Step 2: Creating a Scenario File
In this step, you'll create a scenario file in YAML that defines a series of tests. Each scenario acts like a mini-test case, telling lueur exactly how to simulate network faults and what to expect from your application. This file is your blueprint for reliability engineering.
Follow these steps to build your scenario file:
Define User-Centric Metadata
- Title:
Every scenario starts with a clear title. This gives you a quick reference for what the test is about. - Description:
Optionally, add a short description for extra context about the scenario.
Example:
---
title: "Latency Increase By 30ms Steps From Downstream"

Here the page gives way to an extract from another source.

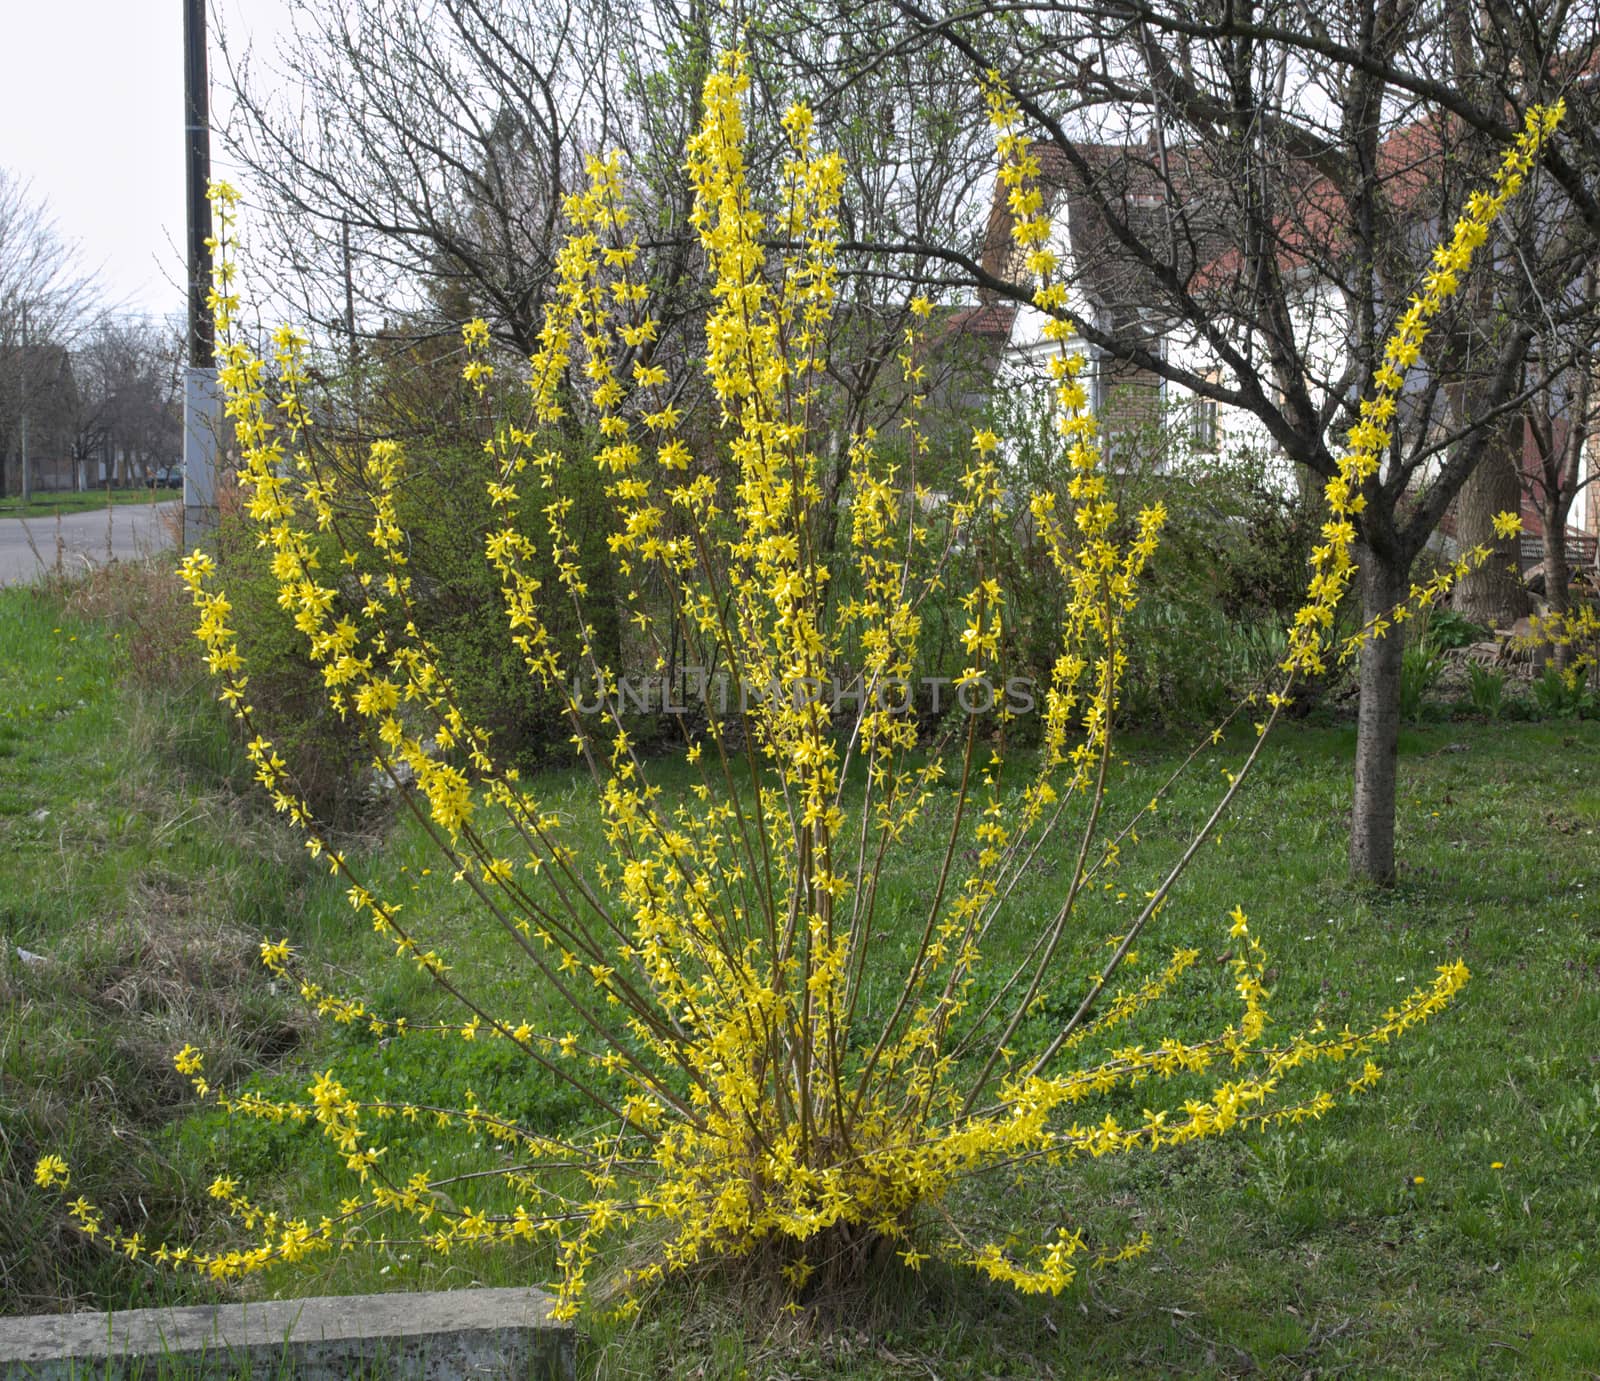 Bush blooming with yellow flowers at spring time

description: "A collection of tests to evaluate how our service handles network faults."
Define a Scenario Test
Each item in the scenarios array represents one test case. It must contain three parts:
Call:
This section defines the HTTP request that Lueur will make.
method
: The HTTP method (GET, POST, etc.).url
: The full URL to call.headers
: An object with header key-value pairs (if needed).body
: The request payload (if needed).
Context:
This section tells Lueur which upstream services are involved and which faults to inject.
upstreams
: An array of endpoints (as strings) where faults should be applied.faults
: An array of fault configurations. The JSON schema defines the structure for each fault type (Latency, PacketLoss, Bandwidth, etc.).strategy
: (Optional) Defines how to repeat the test with incremental changes (for example, gradually increasing latency).
context:
upstreams:
- https://postman-echo.com
faults:
- type: latency
mean: 80
stddev: 5
direction: ingress
side: client
strategy:
mode: Repeat
step: 30
count: 3
add_baseline_call: true
The add_baseline_call
property is useful when you want to make a first call
to your application without applying any faults. This provides a very basic
baseline record of your application in normal conditions.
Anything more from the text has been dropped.